• Records for this exercise
"""
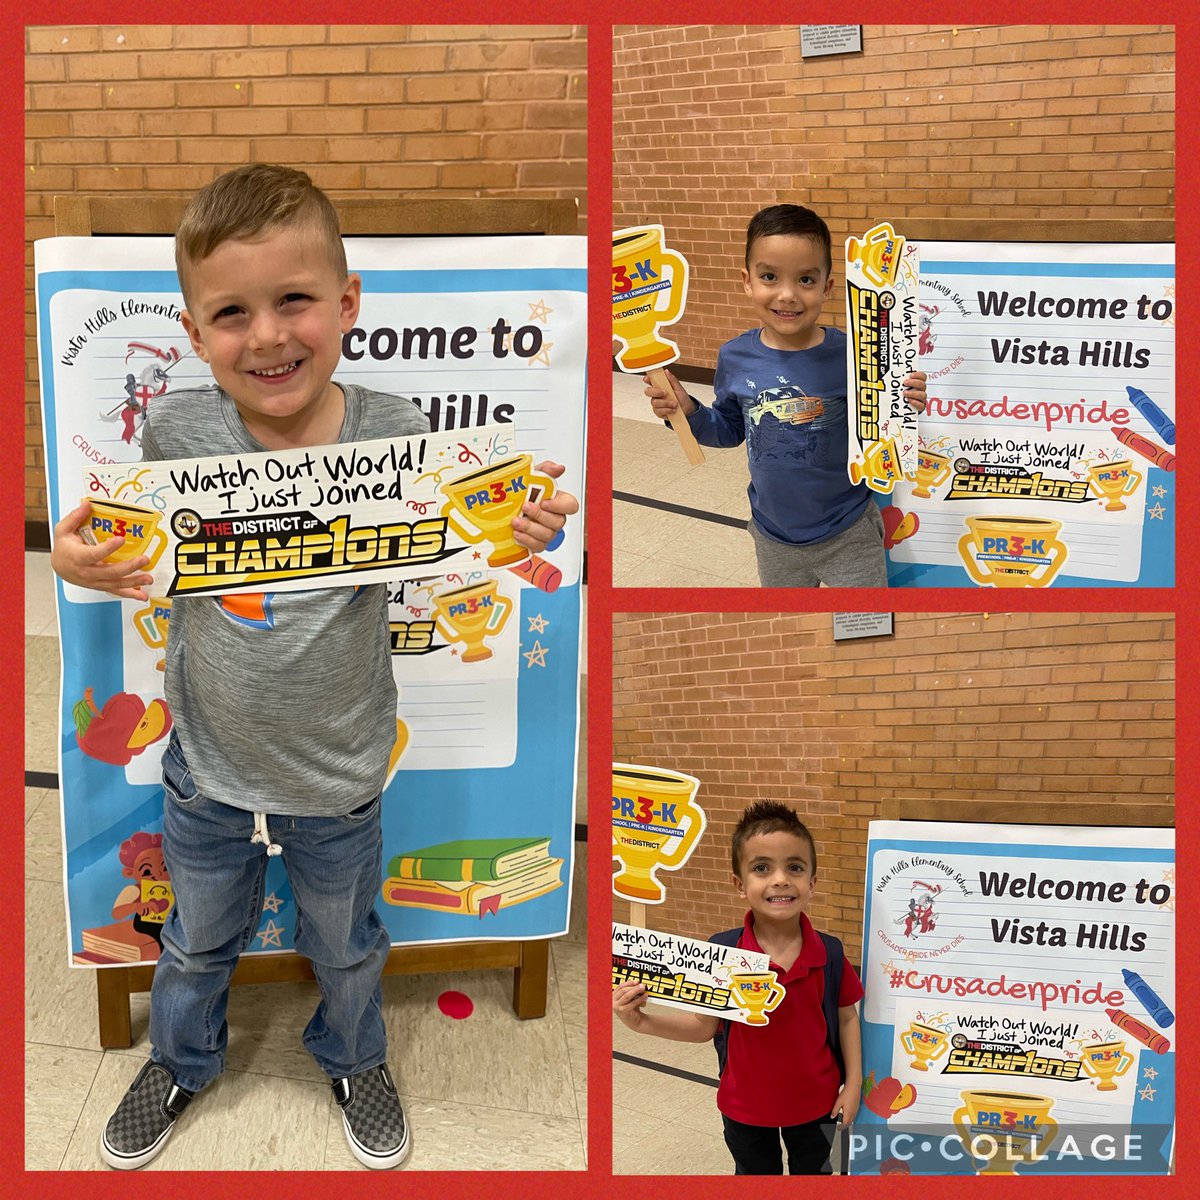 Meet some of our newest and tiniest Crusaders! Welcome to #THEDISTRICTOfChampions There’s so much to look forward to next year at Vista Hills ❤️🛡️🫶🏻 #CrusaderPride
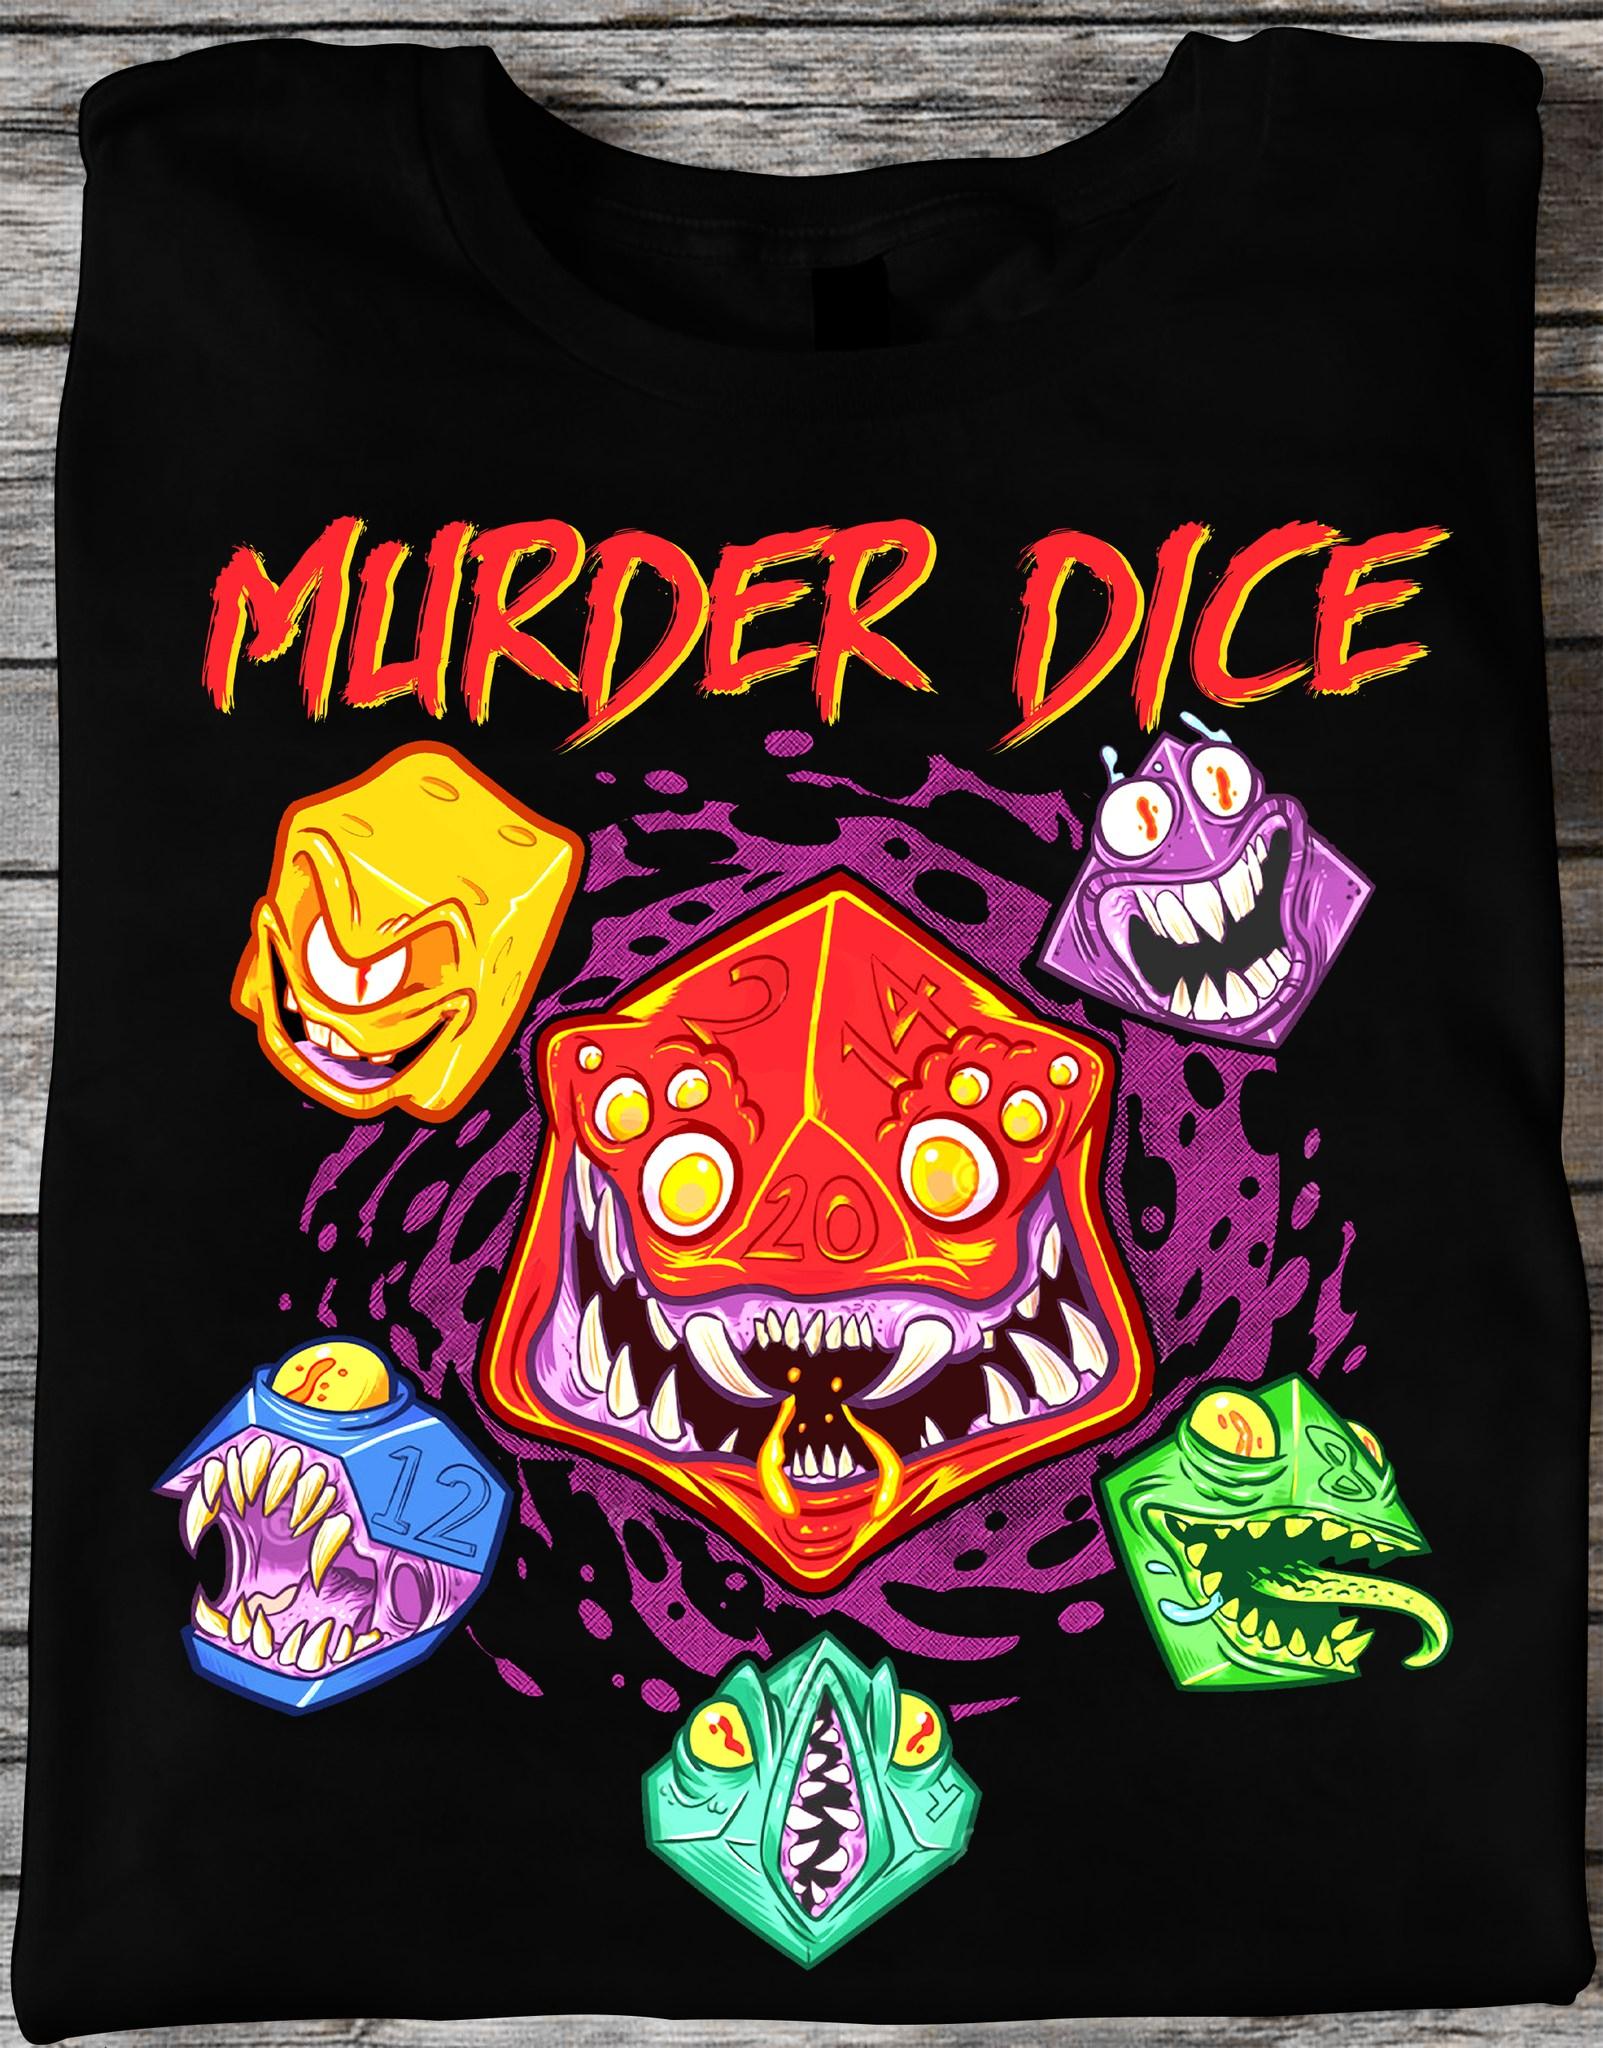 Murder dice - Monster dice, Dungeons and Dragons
"""
"""
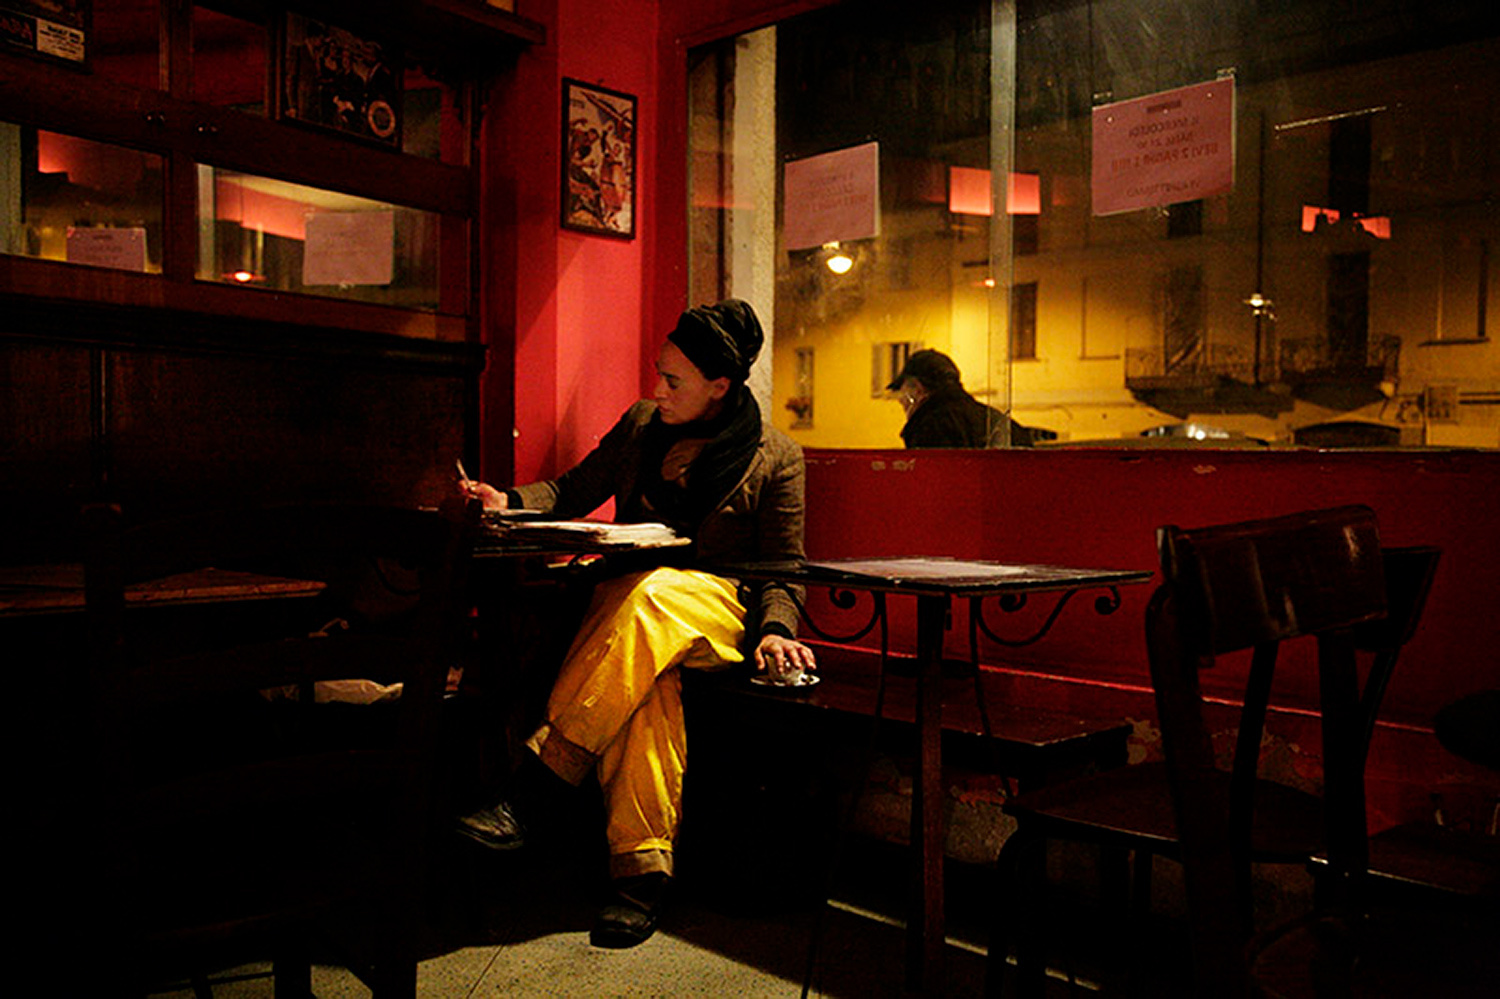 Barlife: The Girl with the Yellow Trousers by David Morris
"""
• Required action
From the records above, copy exactly the lines starting at the one with "Meet some of" and ending at the one with "Murder dice - Monster", and no others. Pictures stay out.

• Solution to the exercise
 Meet some of our newest and tiniest Crusaders! Welcome to #THEDISTRICTOfChampions There’s so much to look forward to next year at Vista Hills ❤️🛡️🫶🏻 #CrusaderPride
 Murder dice - Monster dice, Dungeons and Dragons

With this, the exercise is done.